(Saved data entries)
>>>

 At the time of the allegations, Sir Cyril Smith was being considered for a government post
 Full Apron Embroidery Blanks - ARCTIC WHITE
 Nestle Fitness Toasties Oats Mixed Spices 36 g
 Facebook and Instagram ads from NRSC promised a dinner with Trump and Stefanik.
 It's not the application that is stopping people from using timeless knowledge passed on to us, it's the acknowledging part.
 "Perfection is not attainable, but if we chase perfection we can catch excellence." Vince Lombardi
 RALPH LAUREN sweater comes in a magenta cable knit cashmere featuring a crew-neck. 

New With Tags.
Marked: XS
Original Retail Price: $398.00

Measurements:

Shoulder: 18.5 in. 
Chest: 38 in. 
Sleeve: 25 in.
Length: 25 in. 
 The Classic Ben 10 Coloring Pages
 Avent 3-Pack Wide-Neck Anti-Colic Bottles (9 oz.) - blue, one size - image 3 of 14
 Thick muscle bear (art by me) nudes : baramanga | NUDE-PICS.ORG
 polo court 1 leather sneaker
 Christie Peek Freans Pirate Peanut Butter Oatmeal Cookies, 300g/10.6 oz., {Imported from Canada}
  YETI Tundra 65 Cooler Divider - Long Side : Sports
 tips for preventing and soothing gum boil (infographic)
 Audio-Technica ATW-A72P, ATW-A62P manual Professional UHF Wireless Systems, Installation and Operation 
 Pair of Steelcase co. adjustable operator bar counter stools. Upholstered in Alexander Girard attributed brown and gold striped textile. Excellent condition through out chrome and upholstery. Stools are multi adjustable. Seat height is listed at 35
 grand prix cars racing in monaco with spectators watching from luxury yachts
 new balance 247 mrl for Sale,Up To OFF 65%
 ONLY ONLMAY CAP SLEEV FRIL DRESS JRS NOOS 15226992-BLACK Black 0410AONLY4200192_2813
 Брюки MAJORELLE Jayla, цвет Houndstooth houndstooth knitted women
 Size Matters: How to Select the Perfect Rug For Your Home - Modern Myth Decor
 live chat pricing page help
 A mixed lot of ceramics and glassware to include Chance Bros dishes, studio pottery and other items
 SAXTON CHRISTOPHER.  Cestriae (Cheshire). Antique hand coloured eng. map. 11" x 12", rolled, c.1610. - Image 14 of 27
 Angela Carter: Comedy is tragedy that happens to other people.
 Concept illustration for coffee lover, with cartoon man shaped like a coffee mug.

<<<

■ INSTRUCTIONS TO FOLLOW ■
Give back the data exactly, with no line dropped.

■ EXERCISE OUTPUT ■
 At the time of the allegations, Sir Cyril Smith was being considered for a government post
 Full Apron Embroidery Blanks - ARCTIC WHITE
 Nestle Fitness Toasties Oats Mixed Spices 36 g
 Facebook and Instagram ads from NRSC promised a dinner with Trump and Stefanik.
 It's not the application that is stopping people from using timeless knowledge passed on to us, it's the acknowledging part.
 "Perfection is not attainable, but if we chase perfection we can catch excellence." Vince Lombardi
 RALPH LAUREN sweater comes in a magenta cable knit cashmere featuring a crew-neck. 

New With Tags.
Marked: XS
Original Retail Price: $398.00

Measurements:

Shoulder: 18.5 in. 
Chest: 38 in. 
Sleeve: 25 in.
Length: 25 in. 
 The Classic Ben 10 Coloring Pages
 Avent 3-Pack Wide-Neck Anti-Colic Bottles (9 oz.) - blue, one size - image 3 of 14
 Thick muscle bear (art by me) nudes : baramanga | NUDE-PICS.ORG
 polo court 1 leather sneaker
 Christie Peek Freans Pirate Peanut Butter Oatmeal Cookies, 300g/10.6 oz., {Imported from Canada}
  YETI Tundra 65 Cooler Divider - Long Side : Sports
 tips for preventing and soothing gum boil (infographic)
 Audio-Technica ATW-A72P, ATW-A62P manual Professional UHF Wireless Systems, Installation and Operation 
 Pair of Steelcase co. adjustable operator bar counter stools. Upholstered in Alexander Girard attributed brown and gold striped textile. Excellent condition through out chrome and upholstery. Stools are multi adjustable. Seat height is listed at 35
 grand prix cars racing in monaco with spectators watching from luxury yachts
 new balance 247 mrl for Sale,Up To OFF 65%
 ONLY ONLMAY CAP SLEEV FRIL DRESS JRS NOOS 15226992-BLACK Black 0410AONLY4200192_2813
 Брюки MAJORELLE Jayla, цвет Houndstooth houndstooth knitted women
 Size Matters: How to Select the Perfect Rug For Your Home - Modern Myth Decor
 live chat pricing page help
 A mixed lot of ceramics and glassware to include Chance Bros dishes, studio pottery and other items
 SAXTON CHRISTOPHER.  Cestriae (Cheshire). Antique hand coloured eng. map. 11" x 12", rolled, c.1610. - Image 14 of 27
 Angela Carter: Comedy is tragedy that happens to other people.
 Concept illustration for coffee lover, with cartoon man shaped like a coffee mug.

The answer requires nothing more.